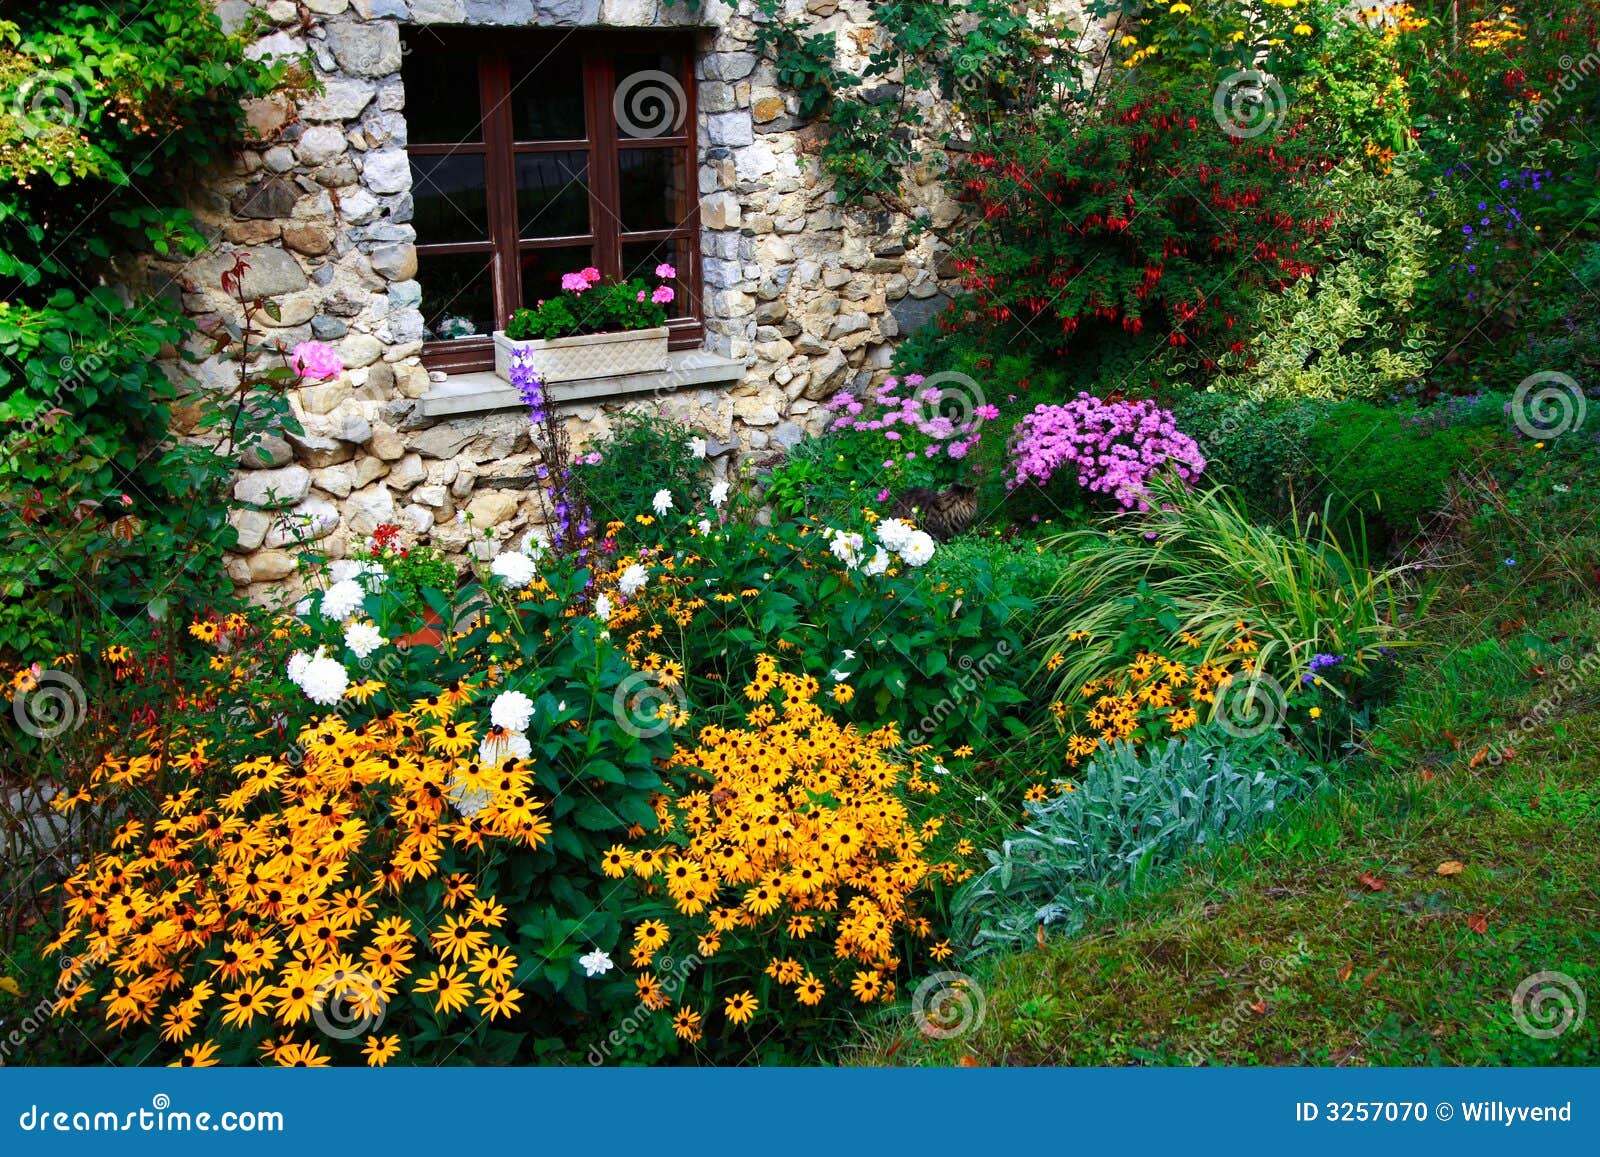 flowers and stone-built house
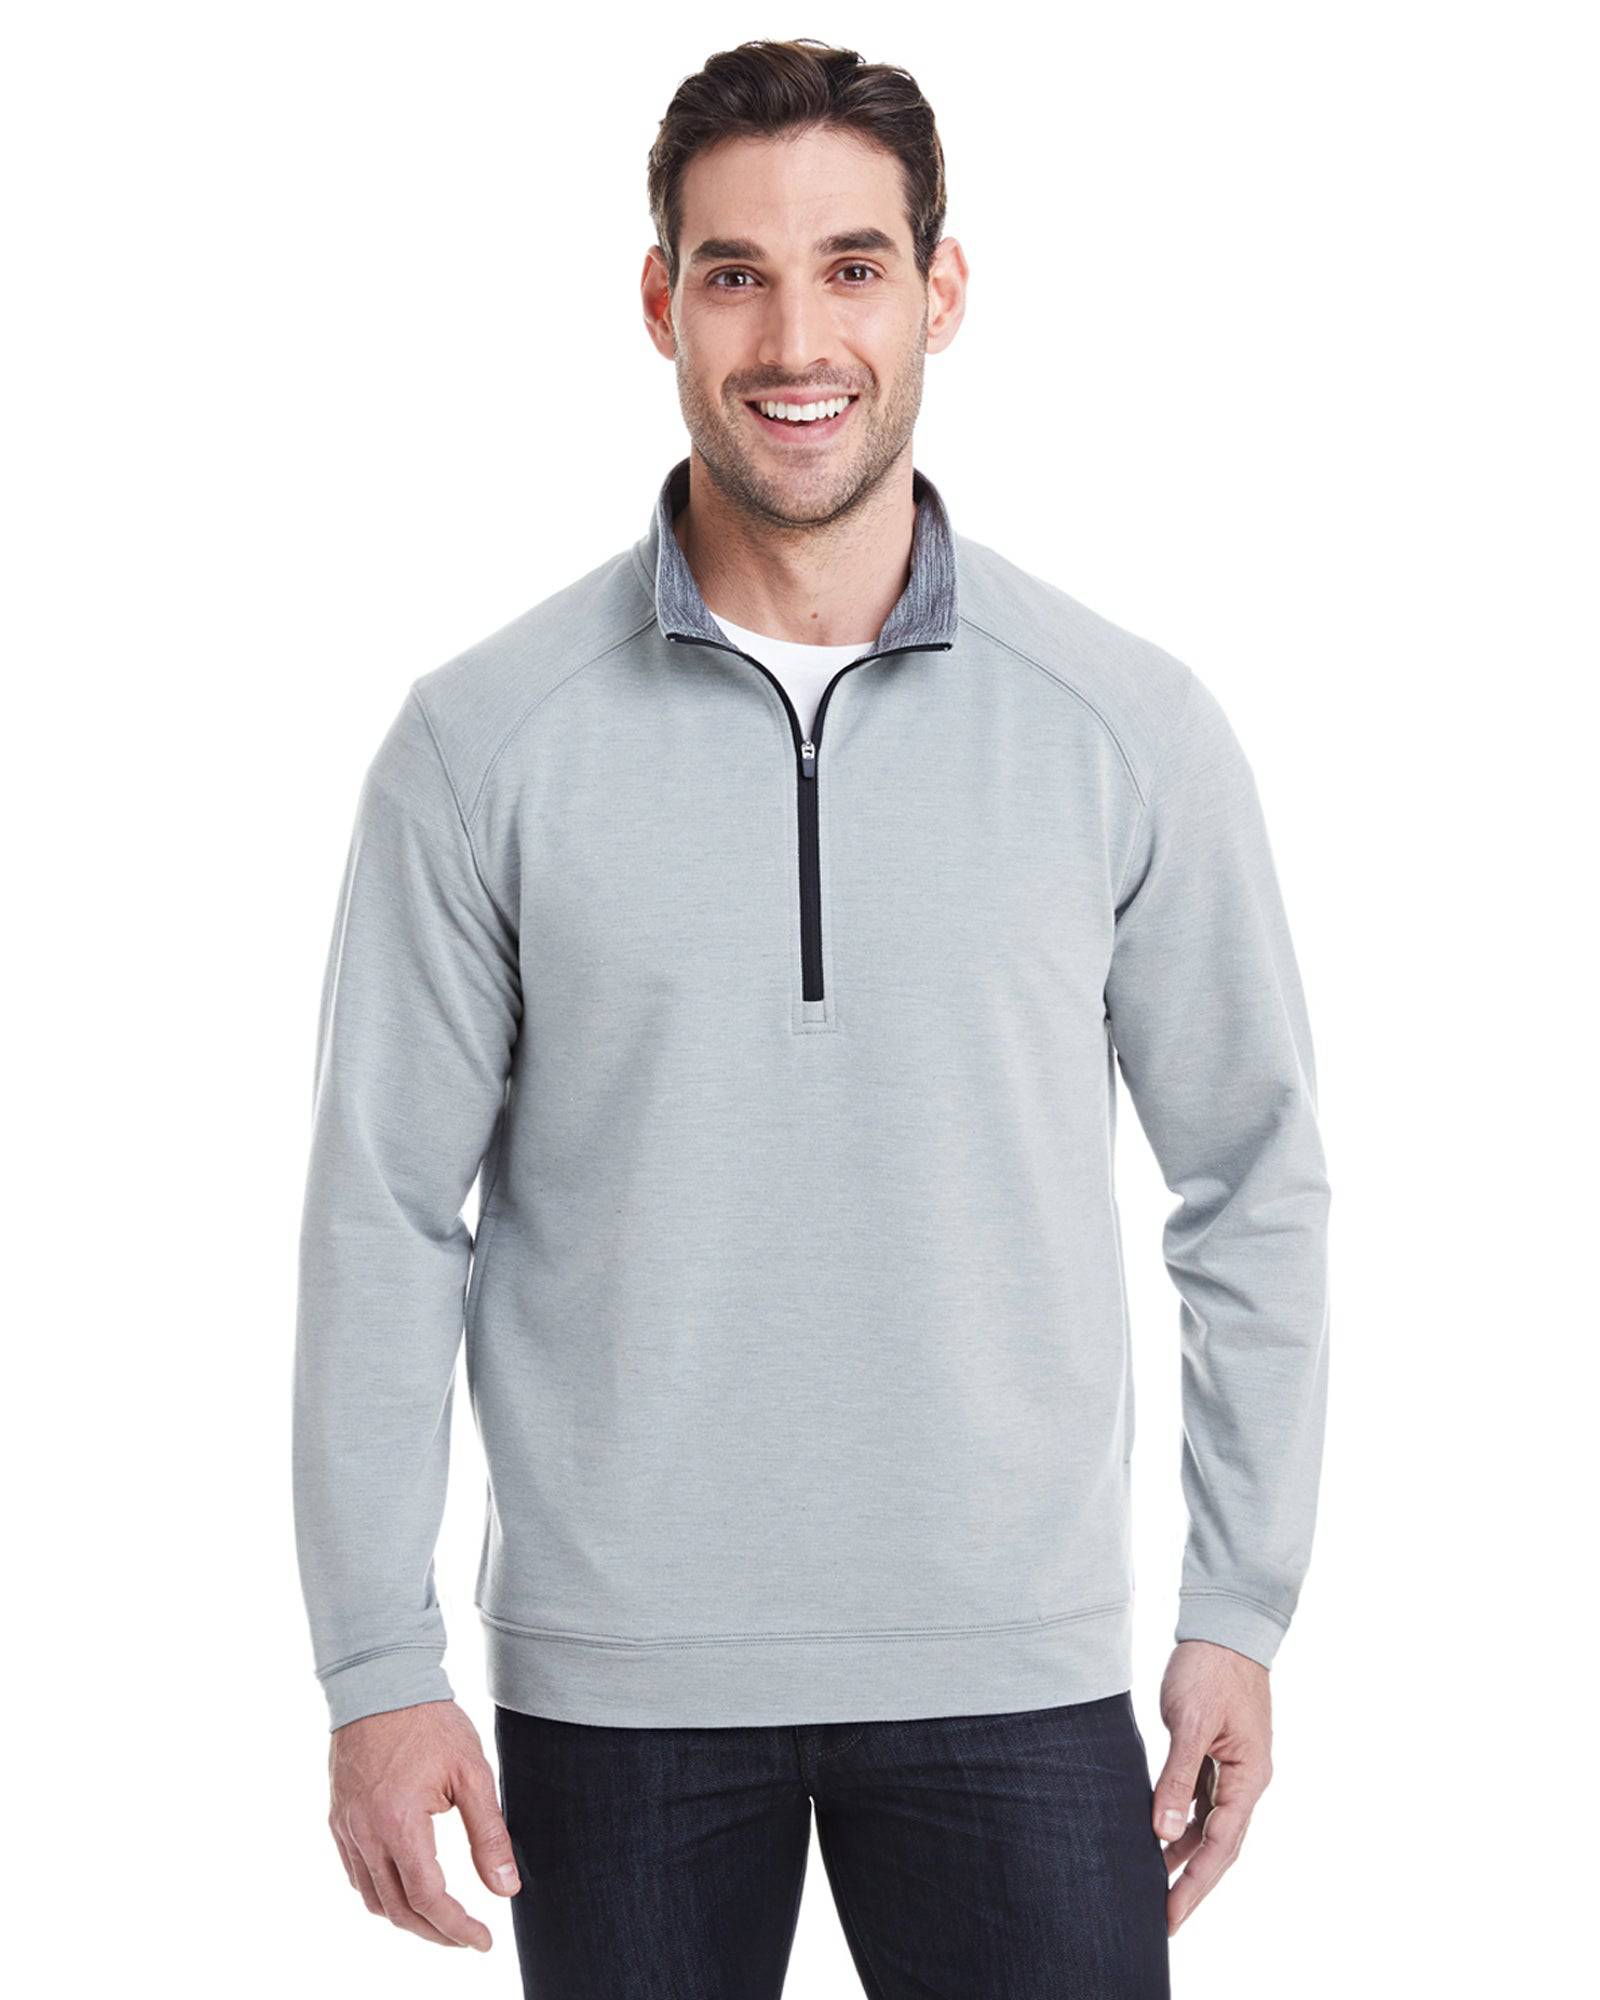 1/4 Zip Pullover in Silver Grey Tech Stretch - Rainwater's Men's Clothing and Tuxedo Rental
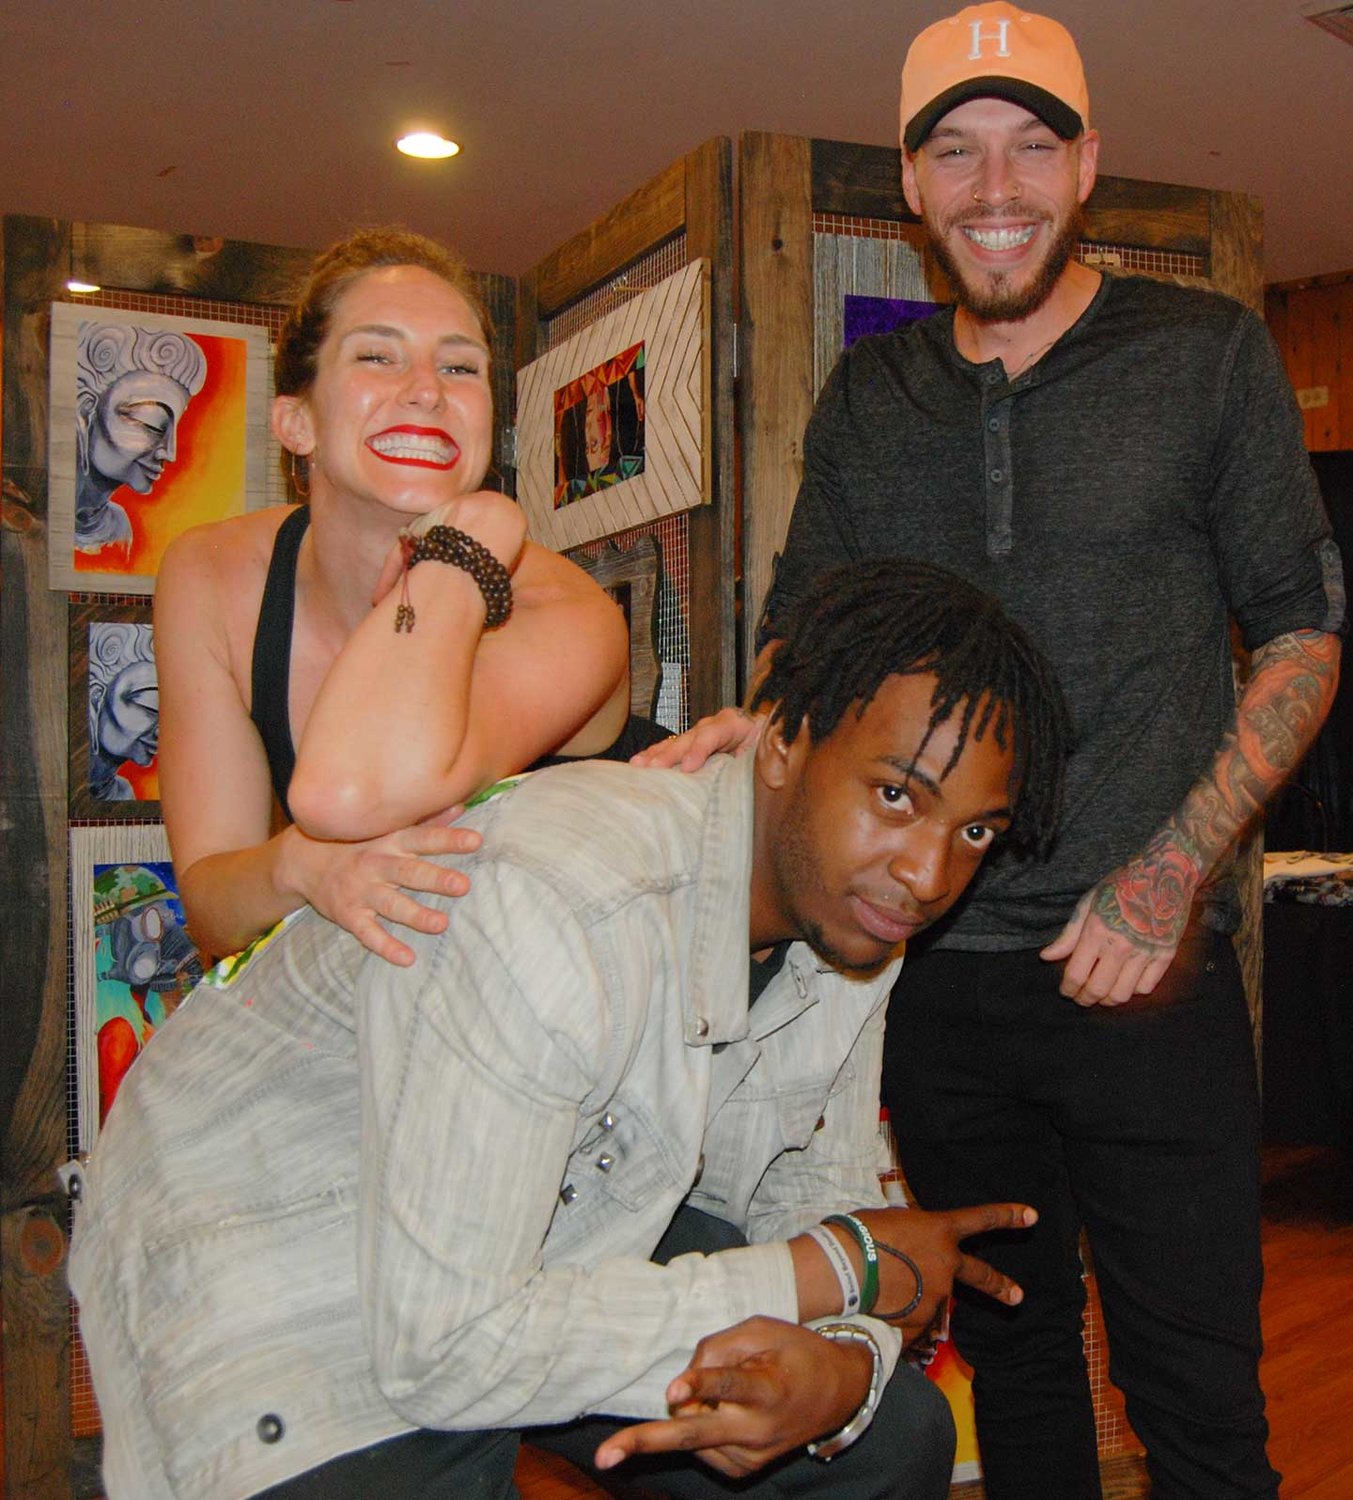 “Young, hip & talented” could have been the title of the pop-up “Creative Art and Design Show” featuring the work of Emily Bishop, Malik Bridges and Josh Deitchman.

Problem details
Output each line above exactly. Skip the images.

Task solution
 flowers and stone-built house
 1/4 Zip Pullover in Silver Grey Tech Stretch - Rainwater's Men's Clothing and Tuxedo Rental
 “Young, hip & talented” could have been the title of the pop-up “Creative Art and Design Show” featuring the work of Emily Bishop, Malik Bridges and Josh Deitchman.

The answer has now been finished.